Especially inspired by the chapter about "Comparing Alternative System Configuration" in "Simulation Modeling and Analysis" by Averill M. Law.

BibTex:
@inbook{Law_2015, edition={5}, title={Comparing Alternative System Configurations}, booktitle={Simulation Modeling and Analysis}, publisher={McGraw-Hill Education}, author={Law, Averill M}, year={2015}, pages={556–586}, language={en} }

In [9]:
lb, ub = construct_confidence_interval(wo_va, w_va, t_value)
print(f"Confidence interval: ({lb:3f}, {ub:3f})")

Confidence interval: (3.665206, 27.334794)


As the confidence interval does not include 0, it means that we can reject the null hypothesis which was that the means between the two test versions is the same.

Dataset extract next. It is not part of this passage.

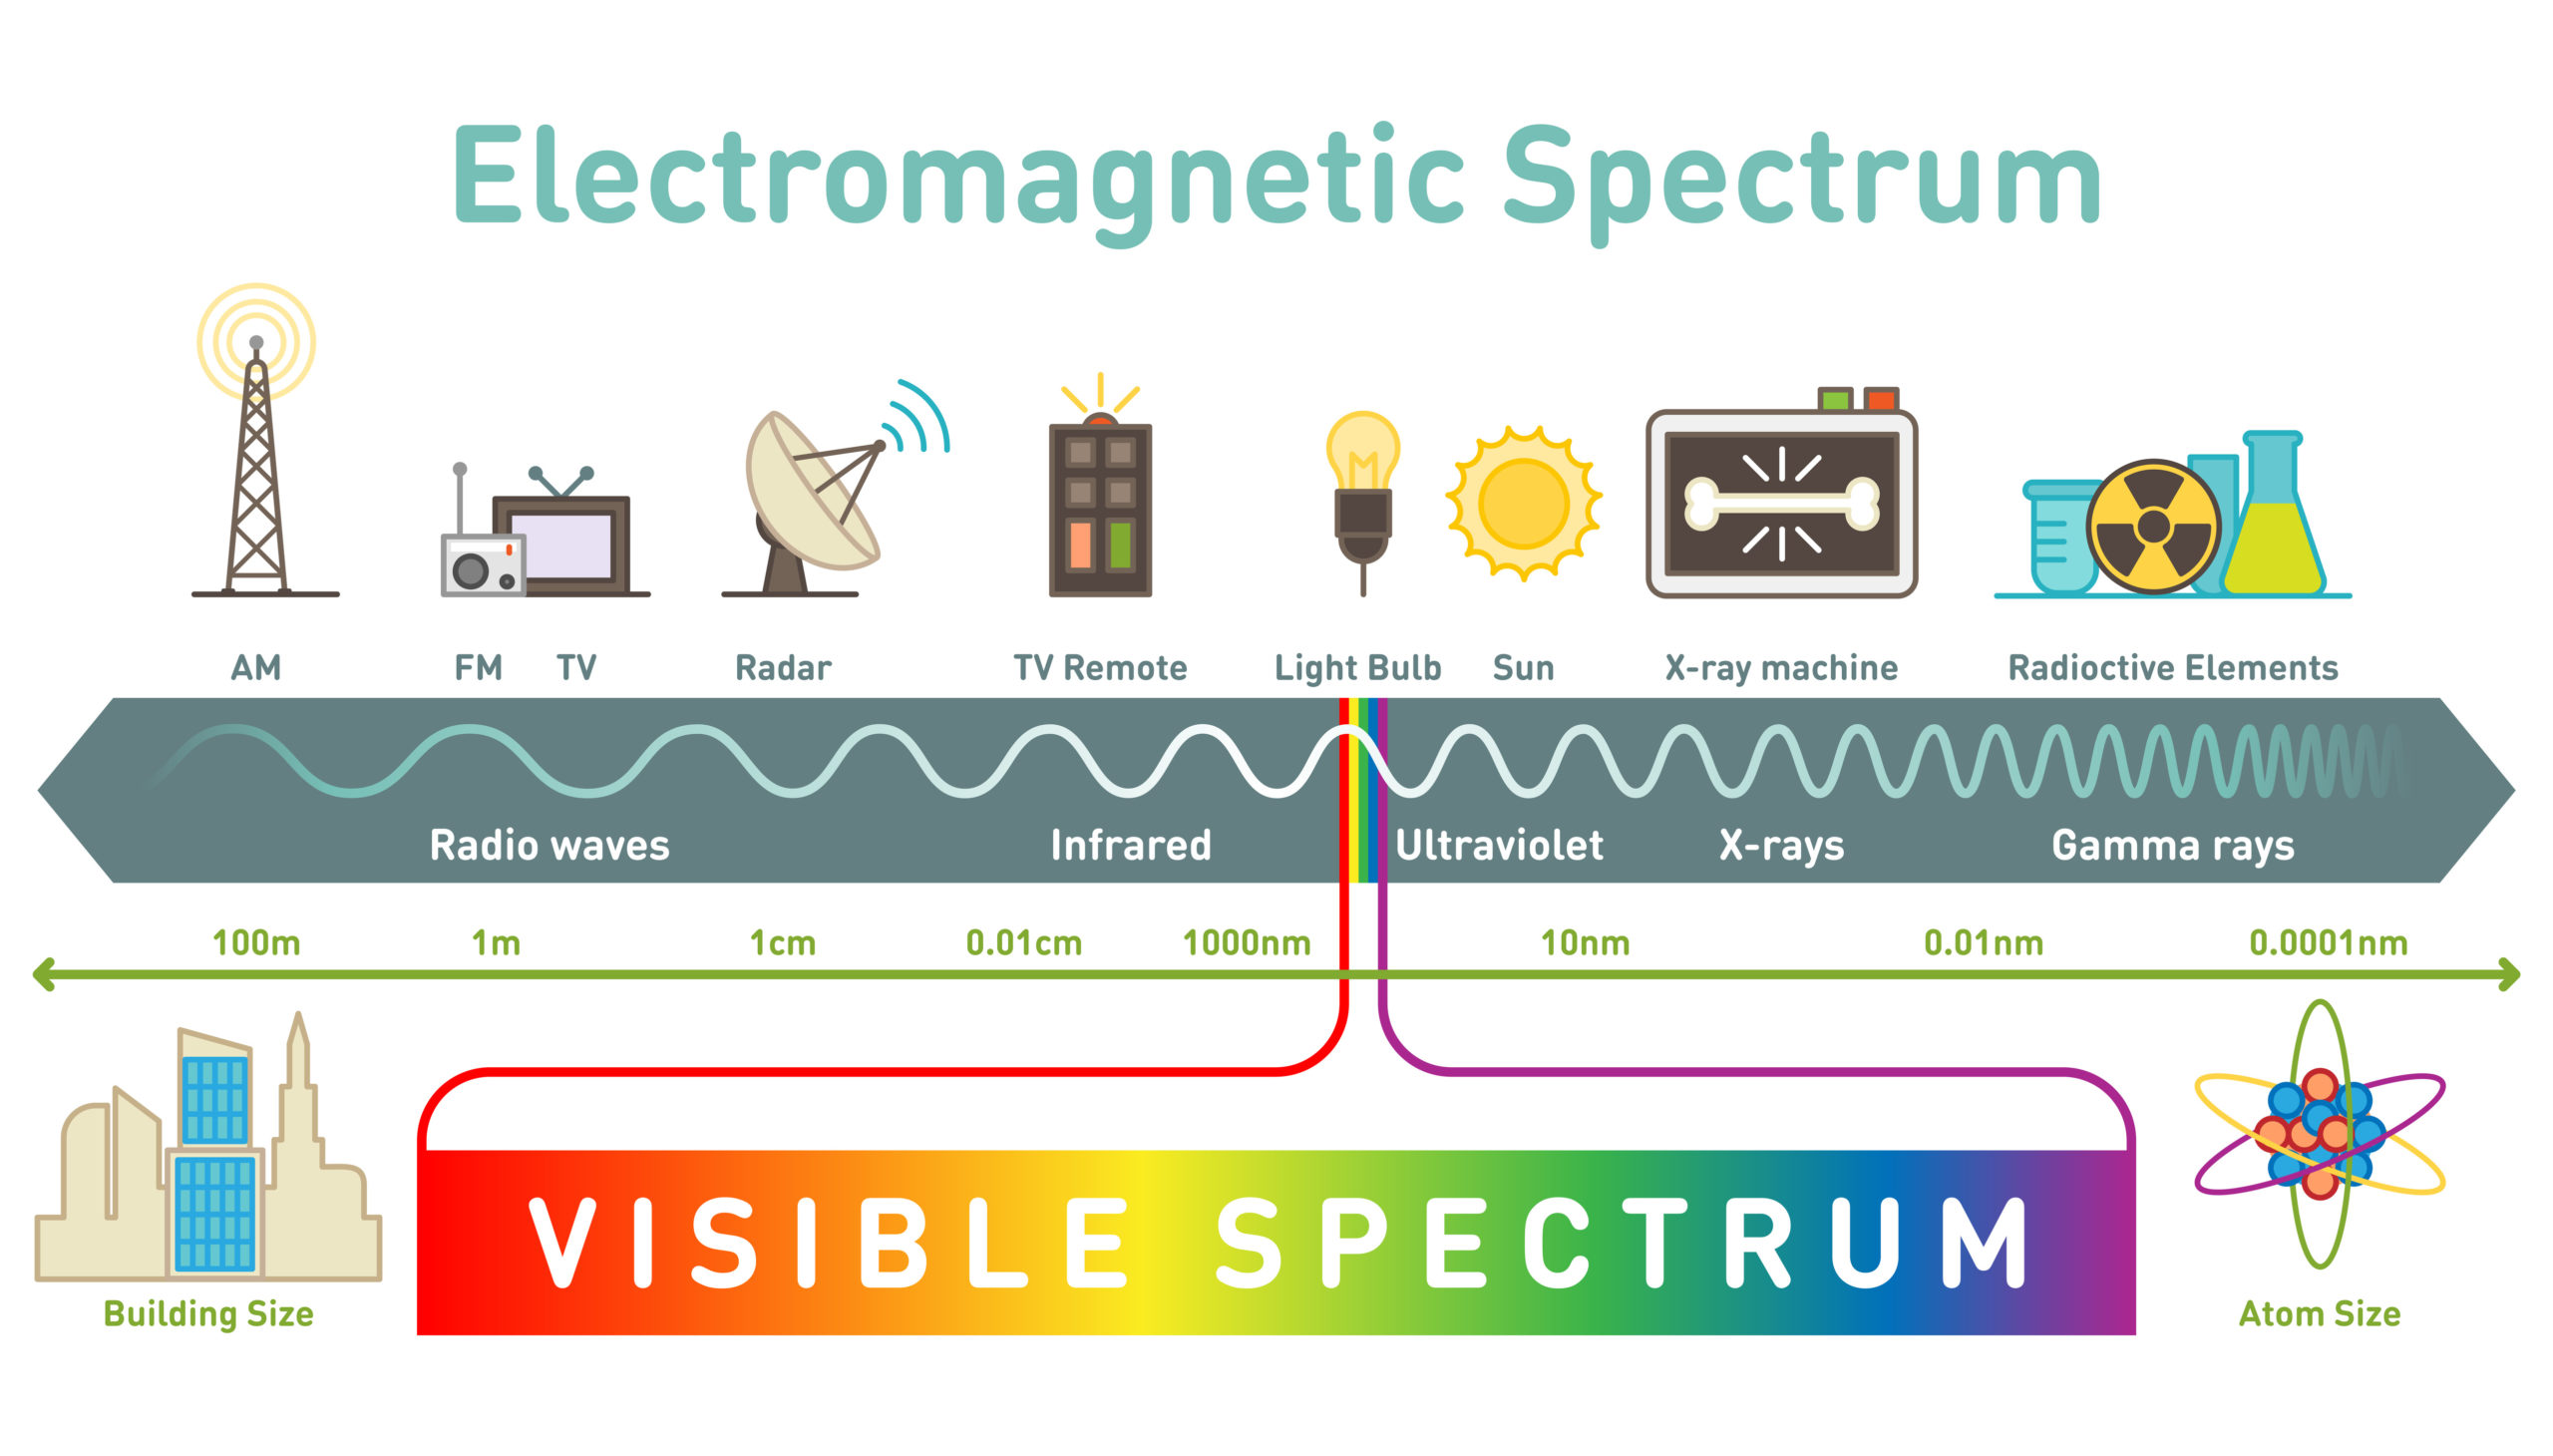 Druhy elektromagnetických záření seřazeny podle klesající vlnové délky

In other words, the null hypothesis is that there is no difference in the amount of "I don't know"s submitted answered in the scenarios with and without using the Virtual Assistant. As the confidence interval is on the positive side, it means that the using the Virtual Assistant performed better, recall that ```z=wo_va-w_va```, but this time we want to avoid giving "I don't know" as an answer.